» What to produce:
Without pictures, output exactly the lines running from the line containing "Moss Marina Full" to the end of the listing below.

(Data extract begins)

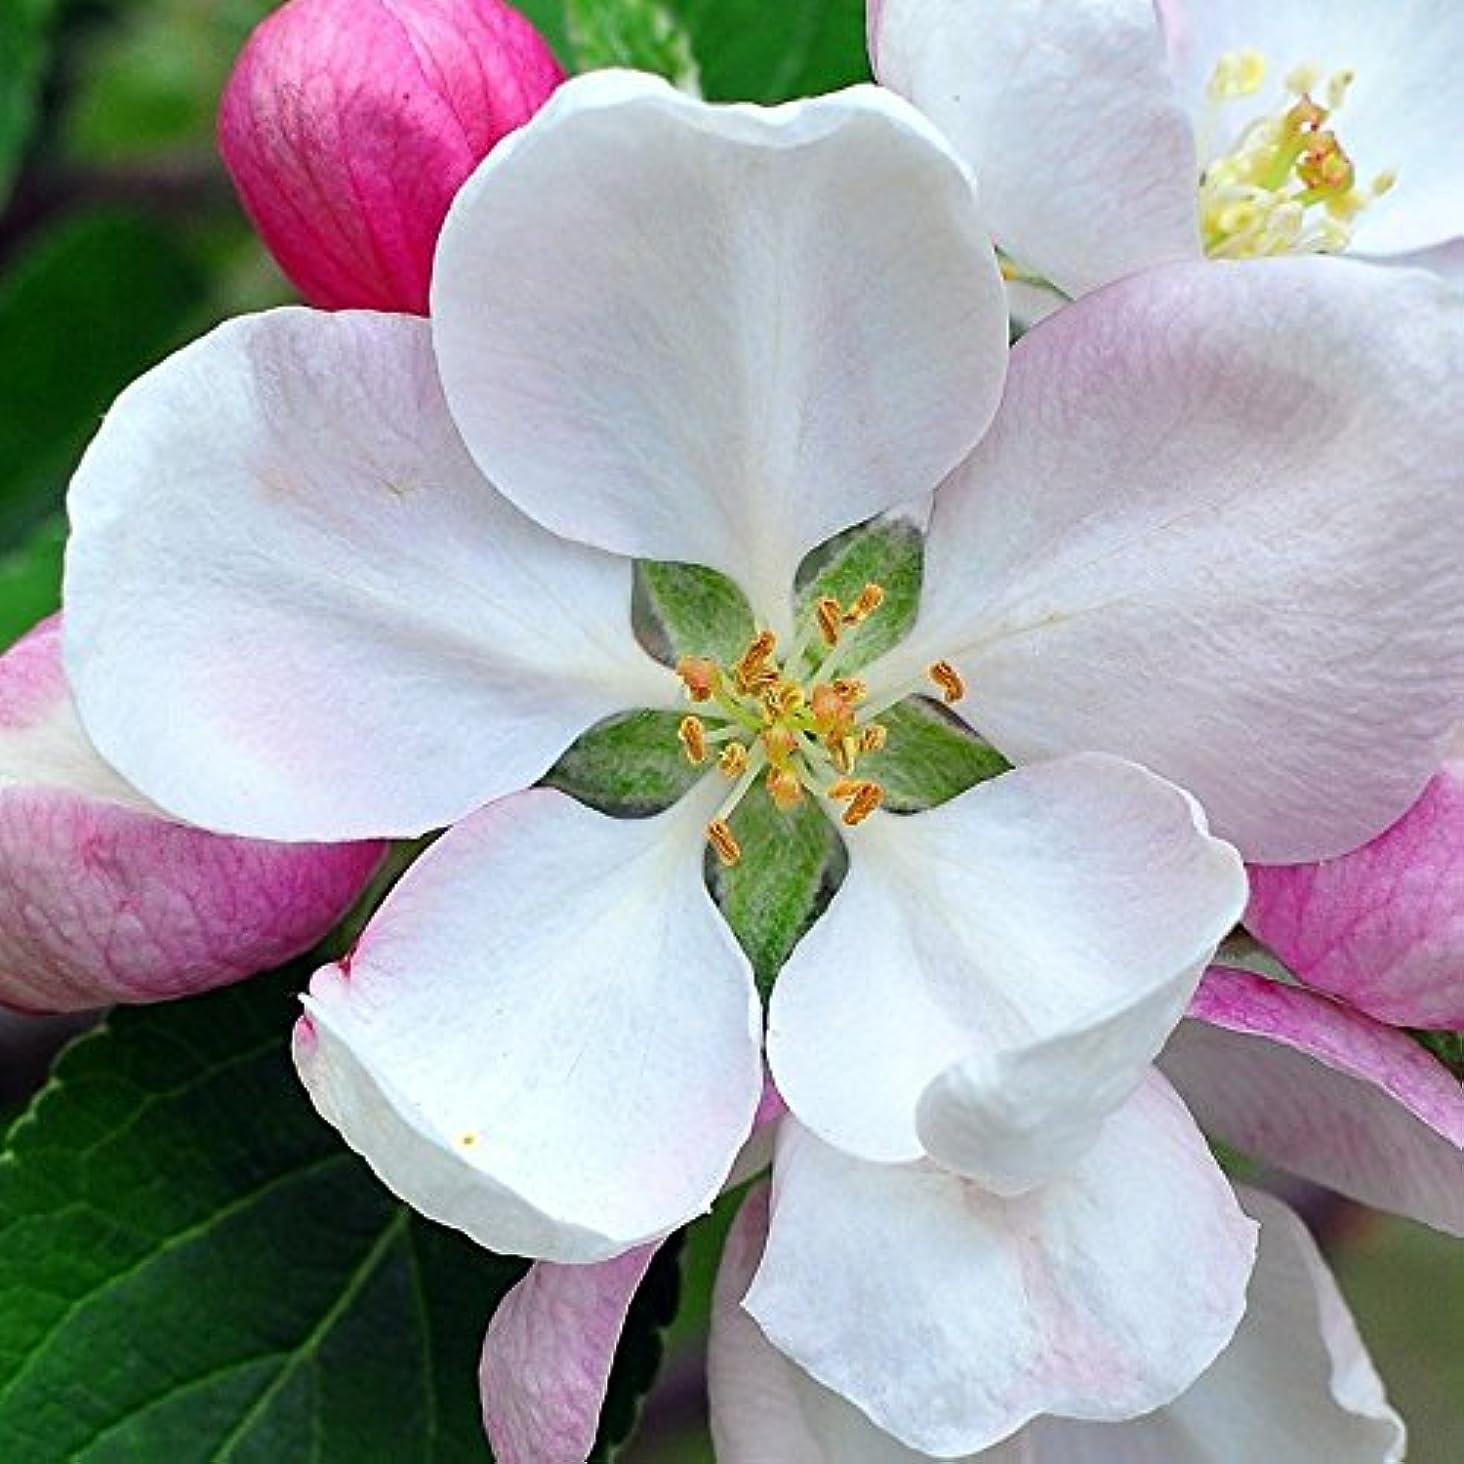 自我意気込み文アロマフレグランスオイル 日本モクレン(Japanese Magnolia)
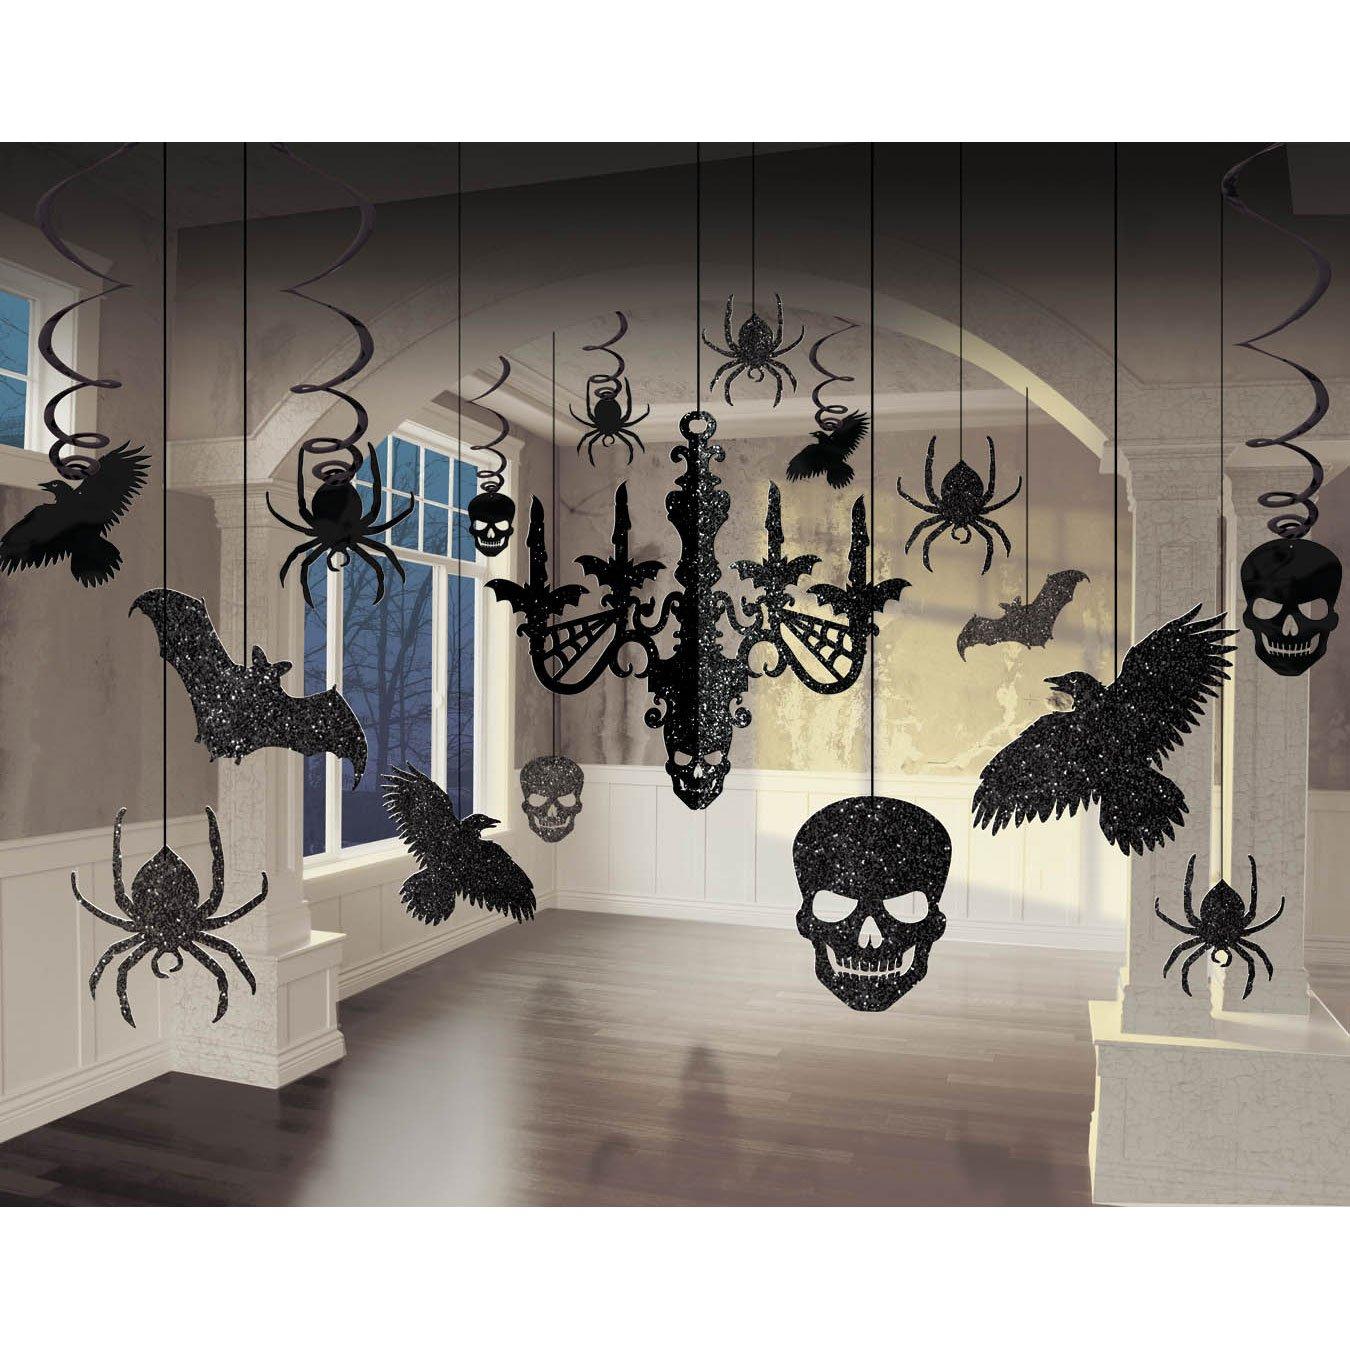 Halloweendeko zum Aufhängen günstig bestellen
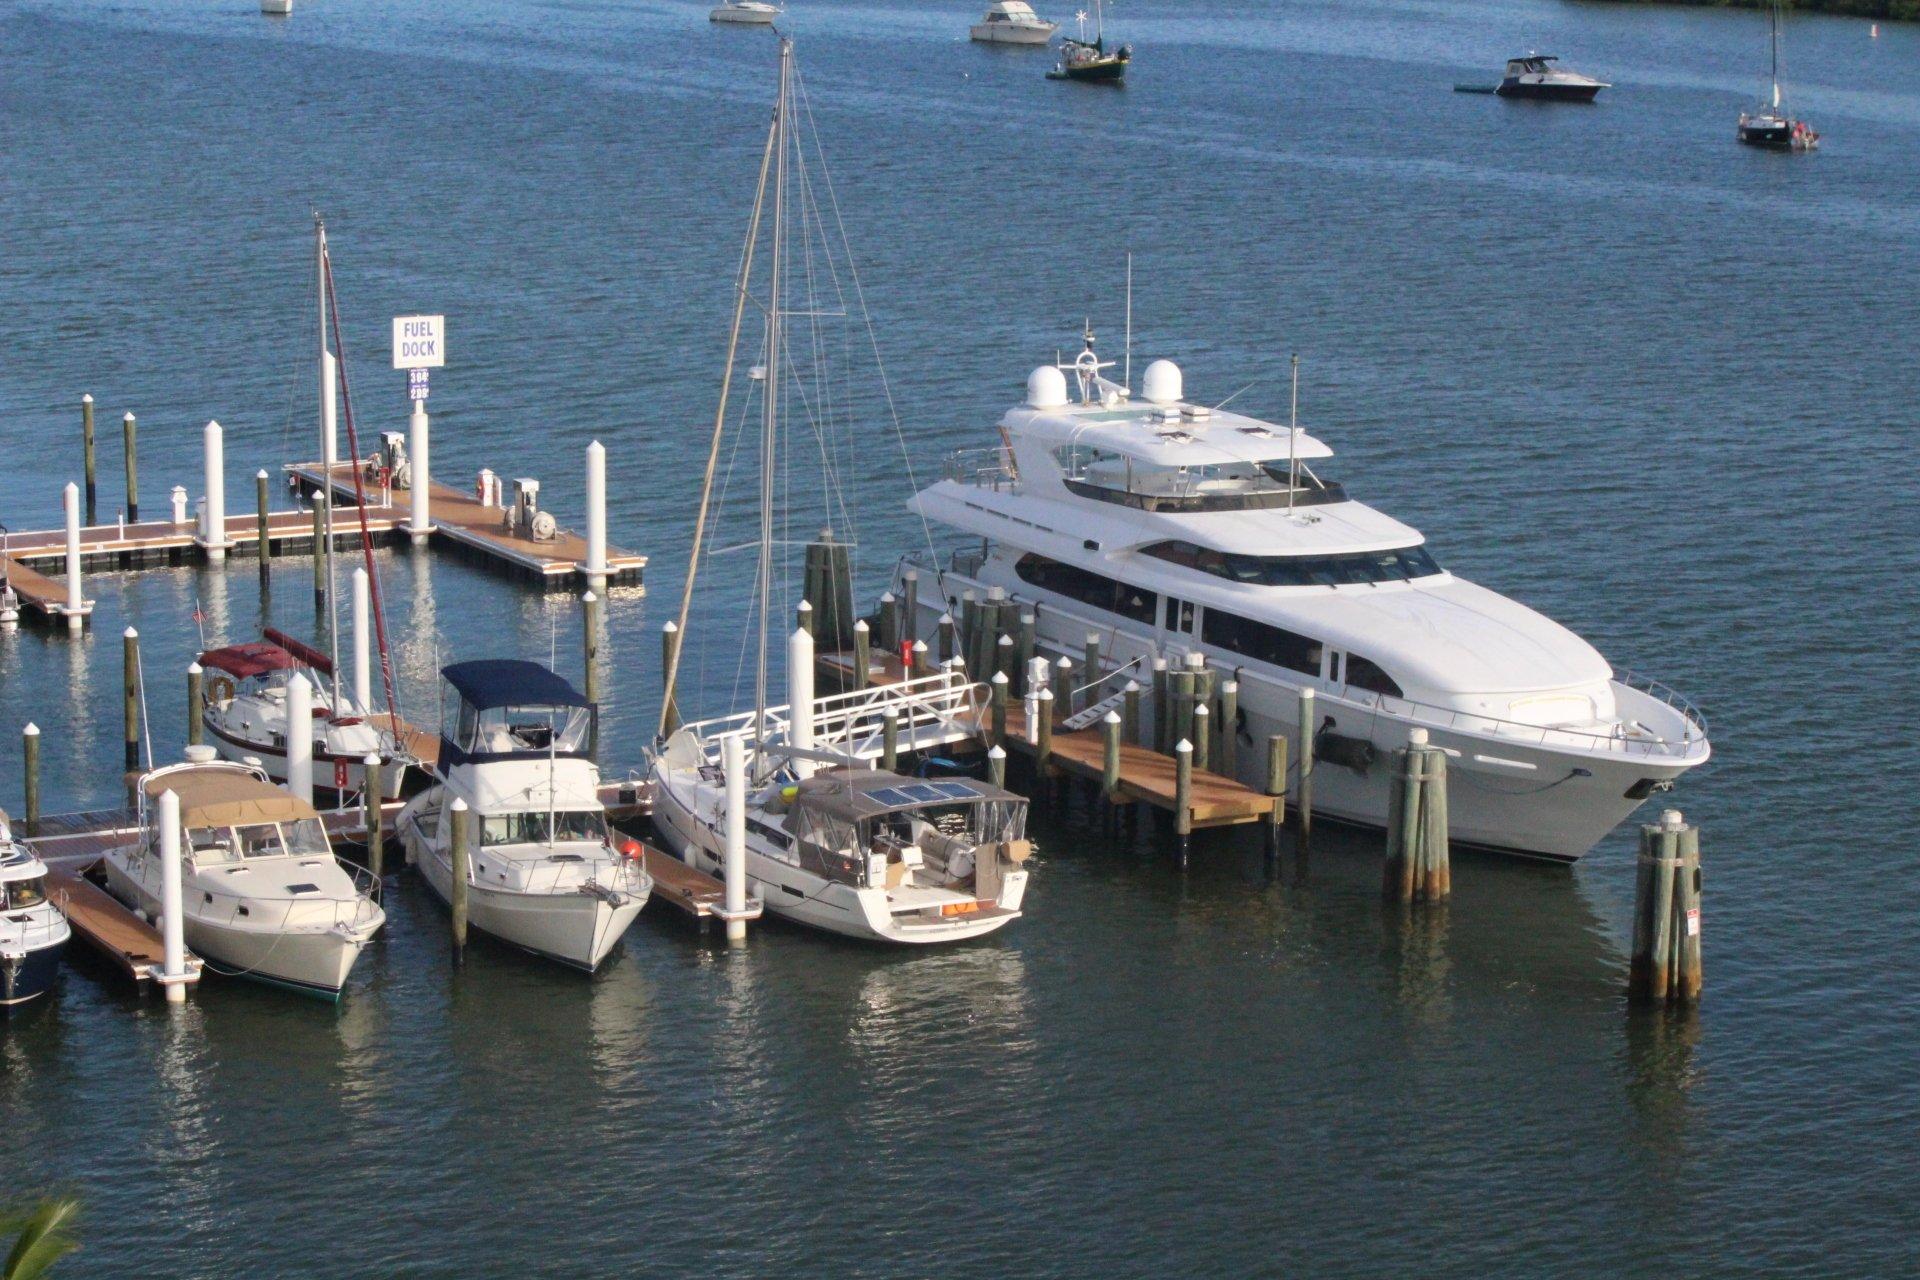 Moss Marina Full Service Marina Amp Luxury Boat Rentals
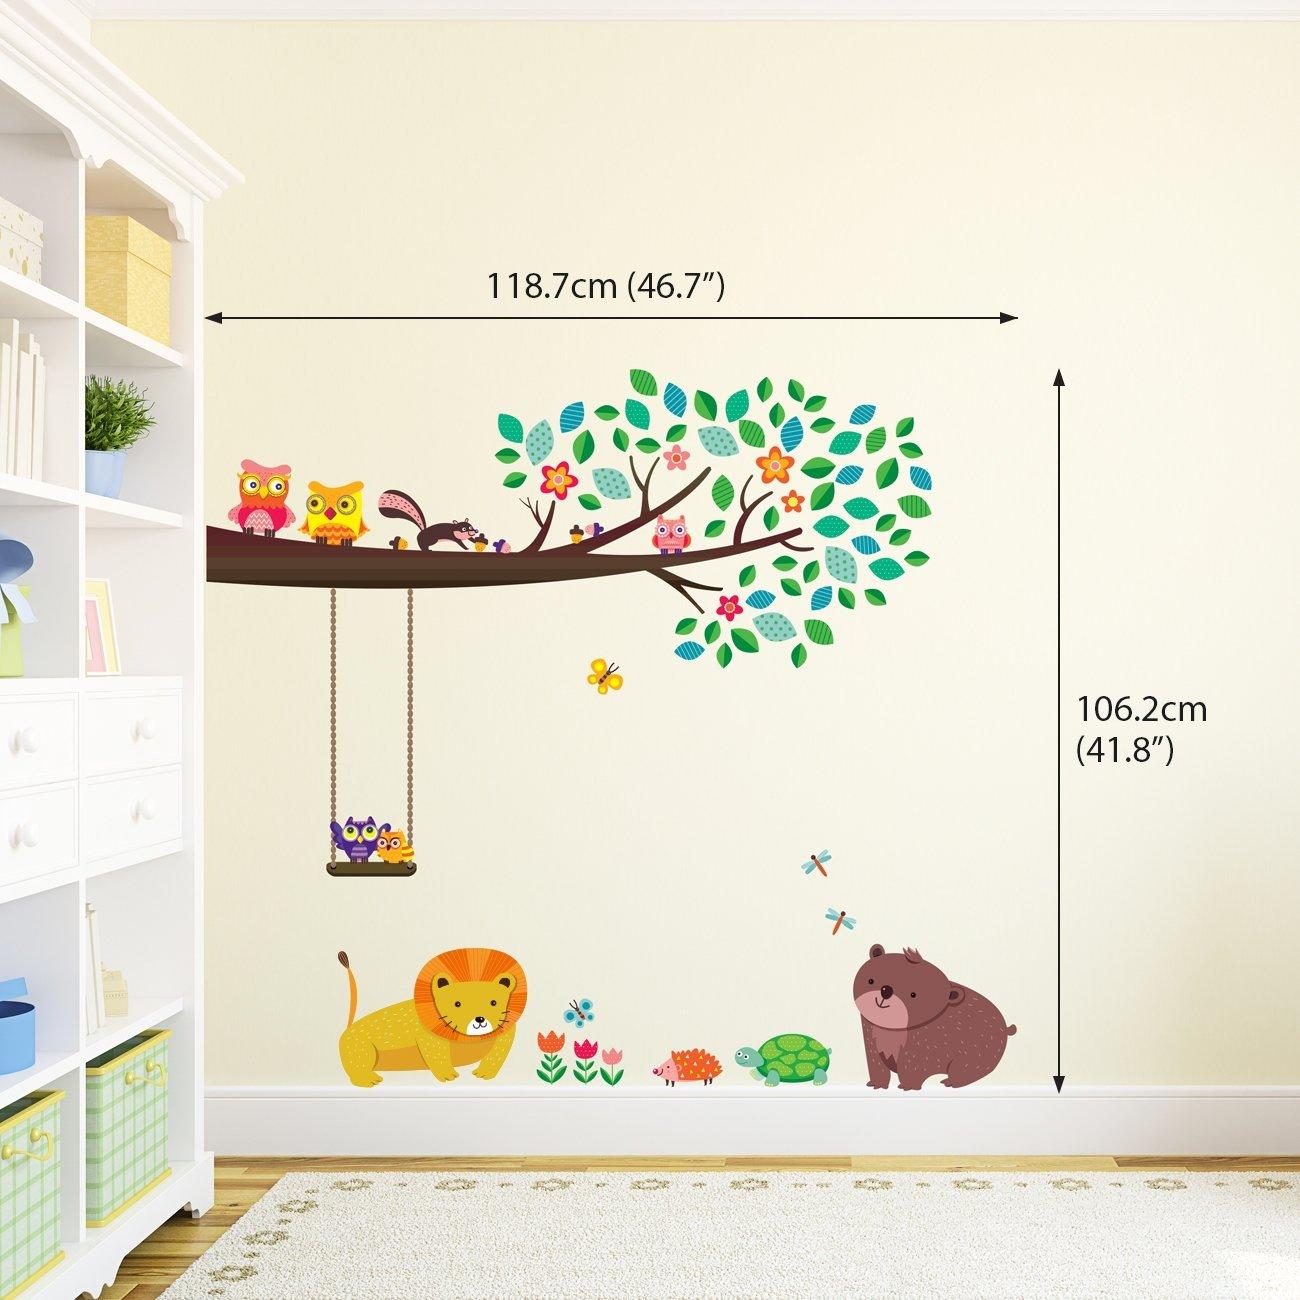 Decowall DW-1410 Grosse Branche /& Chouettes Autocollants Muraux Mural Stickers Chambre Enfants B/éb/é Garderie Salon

(Data extract ends)

» Response:
 Moss Marina Full Service Marina Amp Luxury Boat Rentals
 Decowall DW-1410 Grosse Branche /& Chouettes Autocollants Muraux Mural Stickers Chambre Enfants B/éb/é Garderie Salon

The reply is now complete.